**What this task involves**
How do the lines below between the ones holding "Поверхностный контакт часов" and "В скандинавском дизайне, мебель", inclusive, read? Give them again exactly, with no other lines.

**Given data**
•••

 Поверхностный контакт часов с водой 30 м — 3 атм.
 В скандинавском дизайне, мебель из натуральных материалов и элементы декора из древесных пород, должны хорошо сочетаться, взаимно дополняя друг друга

•••

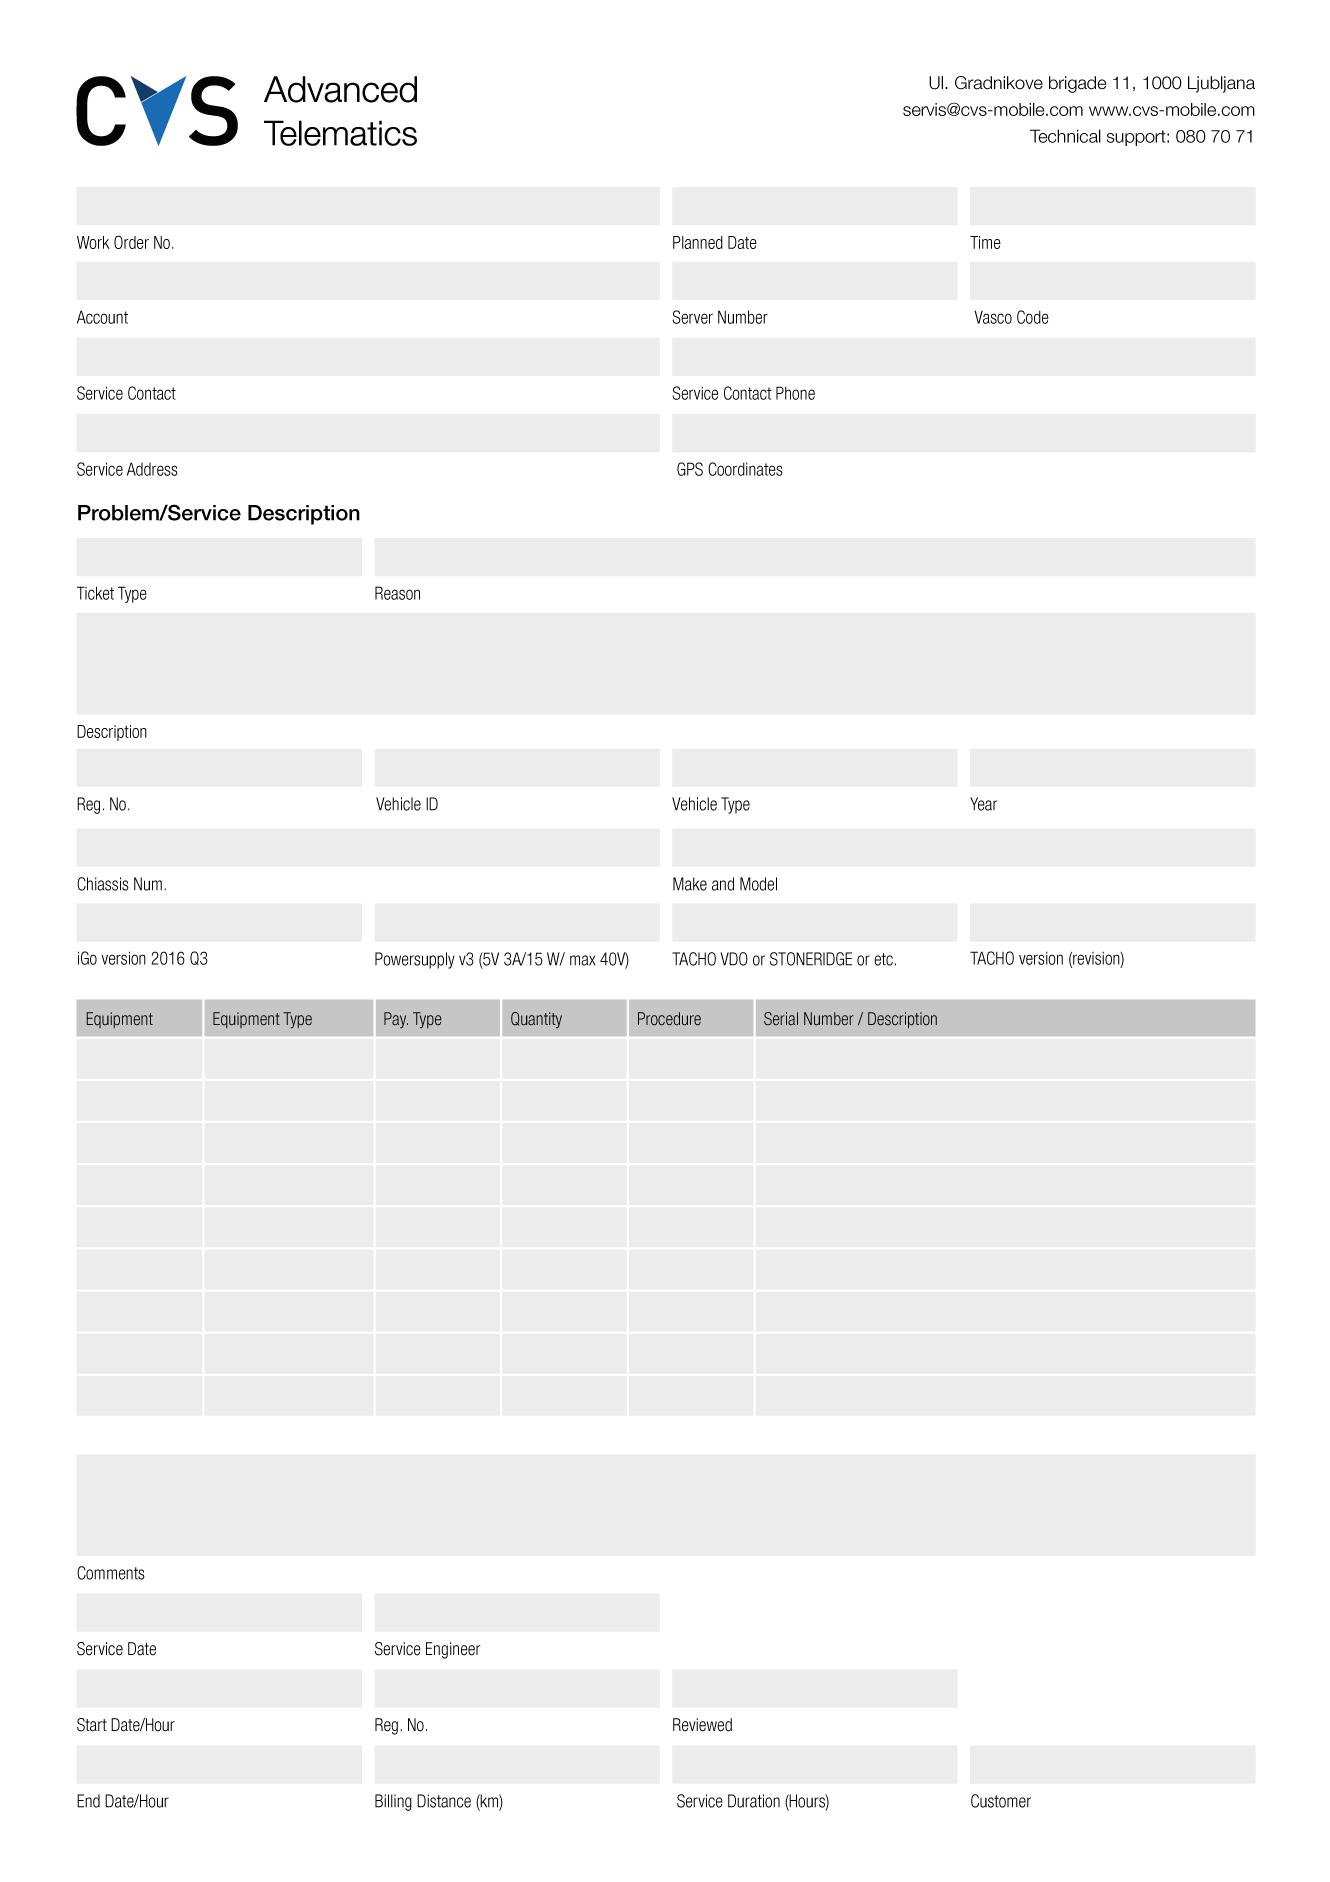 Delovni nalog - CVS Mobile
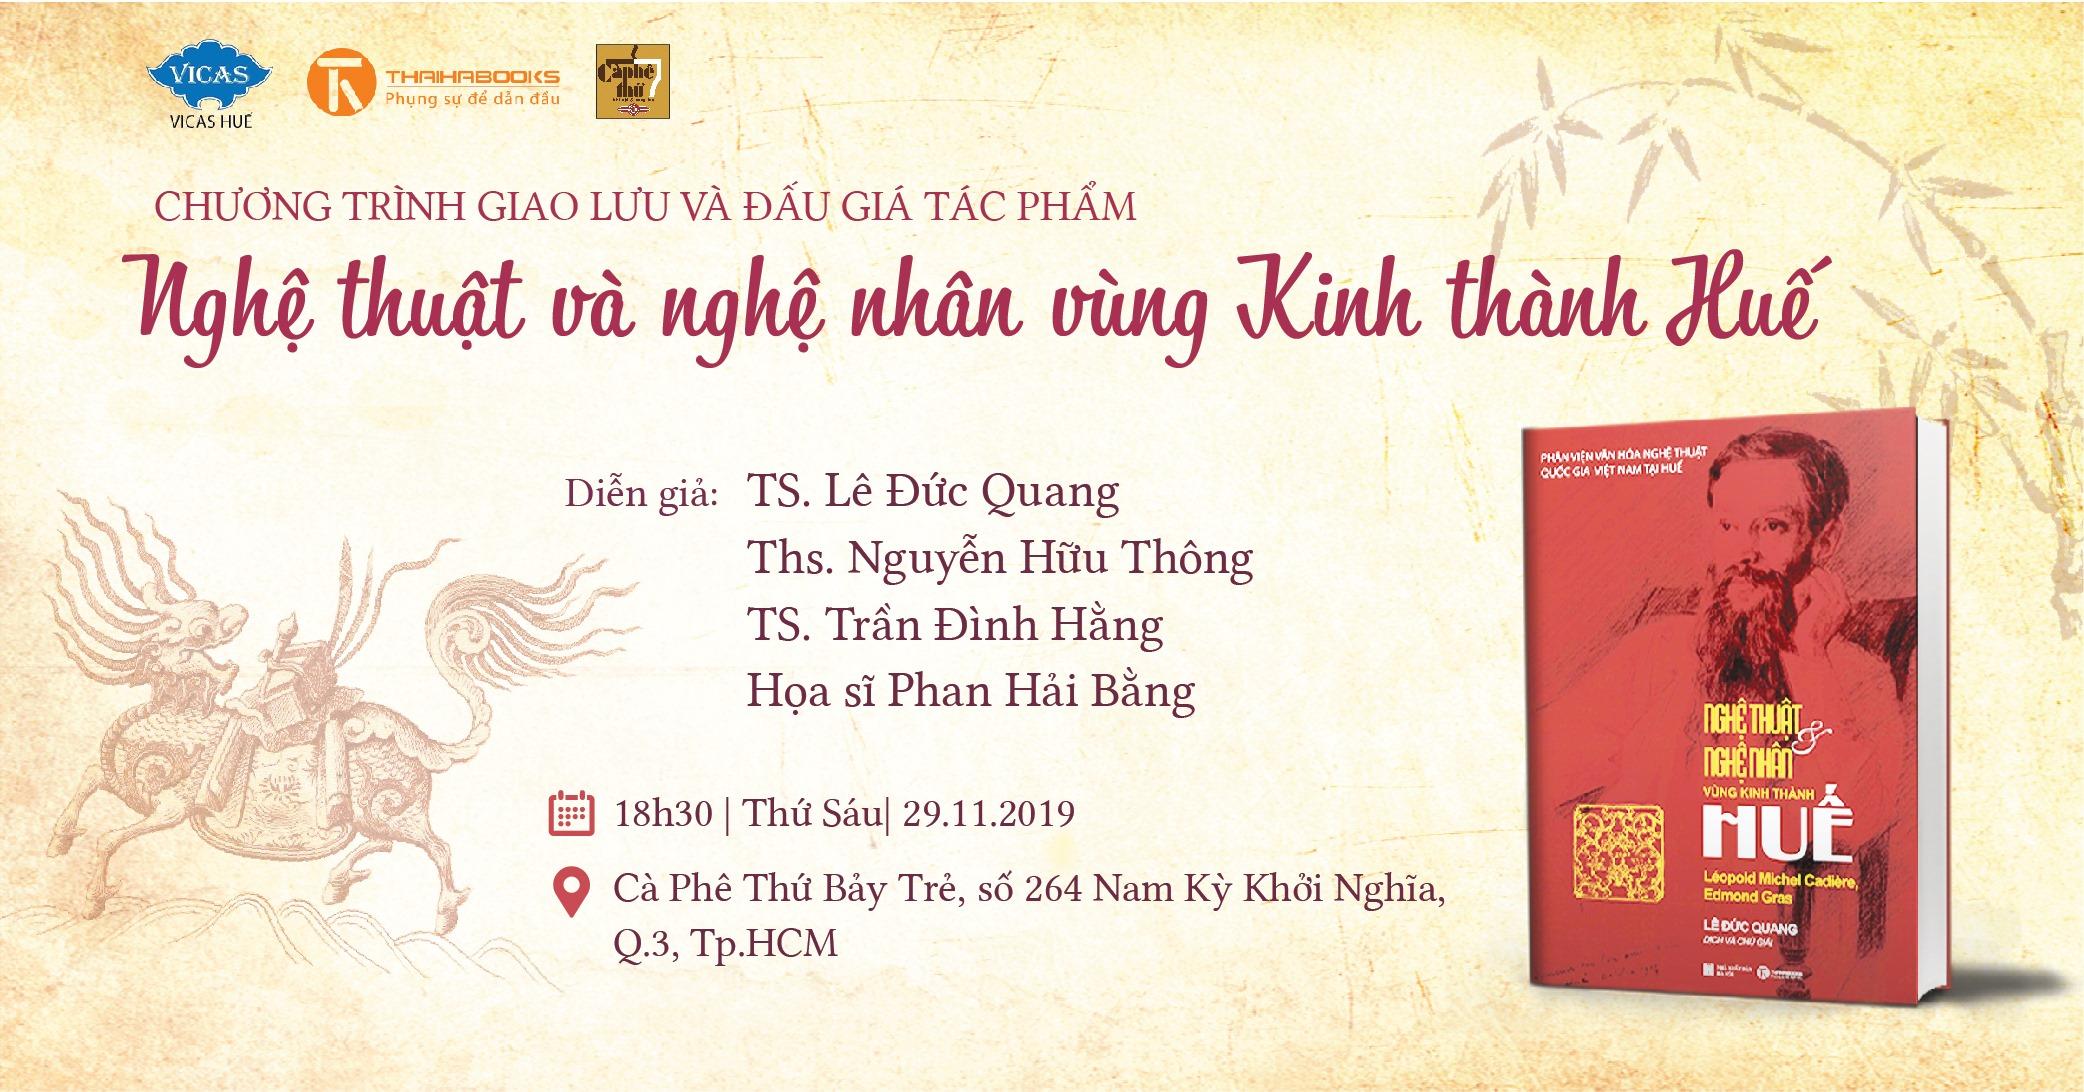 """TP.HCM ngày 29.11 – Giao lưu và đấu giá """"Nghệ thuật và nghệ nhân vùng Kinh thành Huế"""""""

•••

**Answer box**
 Поверхностный контакт часов с водой 30 м — 3 атм.
 В скандинавском дизайне, мебель из натуральных материалов и элементы декора из древесных пород, должны хорошо сочетаться, взаимно дополняя друг друга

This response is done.